The Perinçek case should be studied in law schools

Years ago, Turkish politician Doğu Perinçek gave a number of conferences in Switzerland on the topic: “Genocide in an imperialist lie.”

As a result, a Lausanne Police Court tried and found him guilty of racial discrimination on March 9, 2007, sentencing him to 120 days in prison before converting his prison term to a fine and postponing it.

The penalty is not important. If the Swiss court’s verdict is accepted then it would have been difficult to say the “1915 events were not a genocide” in Europe. Perinçek followed up and took the case to the European Court of Human Rights (ECHR). 

The 2nd Chamber of the ECHR ruled that the Swiss court’s conviction of Perinçek was against his human rights. But the judgment was not limited to this: It is extremely important in terms of the definition of the concept of “genocide.”

The ECHR’s judgment, dated Dec. 17, 2013, is 50 pages long. It contains many quotes from several constitutions, legal declarations and court practices. It not only describes how wide the concept of “freedom of expression” is in modern law, but it also examines in detail the legal aspect of the concept “genocide.”

The ECHR said the Holocaust is a proven historical fact, recognized by international courts, but the events of 1915 do not fall into this category. The most important legal finding of the ECHR judgment is this: “The notion of ‘genocide’ is a precisely defined legal concept ... for the crime of genocide to have taken place, the acts must have been perpetrated with intent to destroy not only certain members of a particular group, but all or part of the group itself.
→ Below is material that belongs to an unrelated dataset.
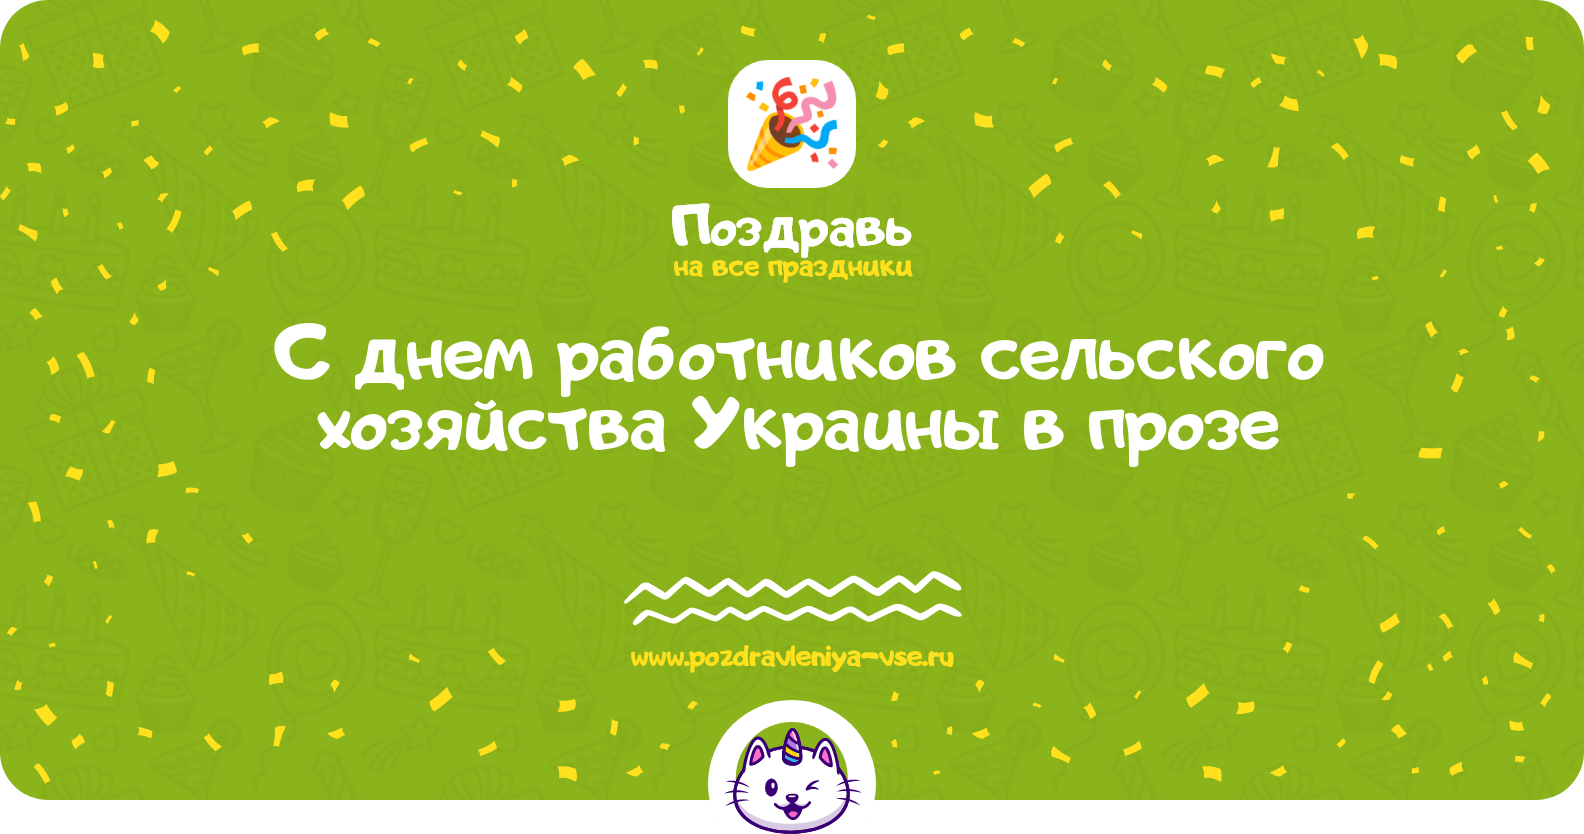 Поздравления с днем работников сельского хозяйства Украины в прозе

Genocide is a very narrow legal concept that is, moreover, difficult to substantiate.”

Despite Amal Clooney

The second chamber of the ECHR ruled that it is incompatible with freedom of thought and expression to ban saying “it was not genocide” for the arguable 1915 events, unlike the Jewish genocide. To punish this is a violation of freedom of expression.

Switzerland and intervener Armenia challenged this judgment, and the ECHR’s Grand Chamber convened in Strasbourg earlier this week. Of course, human rights attorney Amal Clooney was the focus of attention, but this did not change the legal proceedings or outcome.

The claims that Clooney made at the court on topics such as the Sevres Treaty, dated 1920, and Talat Pasha (the Ottoman commander held responsible for the unfortunate deportation decision) were responded to wisely and insightfully by Perinçek.

Actually, I don’t believe the ECHR grand chamber will ever take these individual claims seriously, because the legal aspect of the issue became clear with the original judgment of the ECHR’s 2nd chamber, as well as the previous verdicts of the French and Spanish constitutional courts, which became “established case law.”

I don’t believe the 17-judge grand chamber will now fall into an unreasonable political mistake by changing this “established case law.”

The Constitutional Council of France

I would especially draw attention to the Constitutional Council of France.

 A French court ruled in 1993 that the famous historian Bernard Lewis, who said “It was not a genocide,” must pay a fine. The French had recognized the “genocide” and Sarkozy later issued a law that criminalized its denial.

The members of the French Constitutional Council all have political origins. A significant portion of its members were appointed during the Sarkozy era. However, even the members appointed by Sarkozy decided that the law was against the French constitution and France’s 1789 declaration. (Feb. 28, 2012)

Real lawmen, who consider law above politics and interests, are like this. They reach decisions according to universal law, without feeling indebted to those who have appointed them.

These decisions of the ECHR and the Constitutional Council of France are of such caliber that they should be studied closely in all law schools.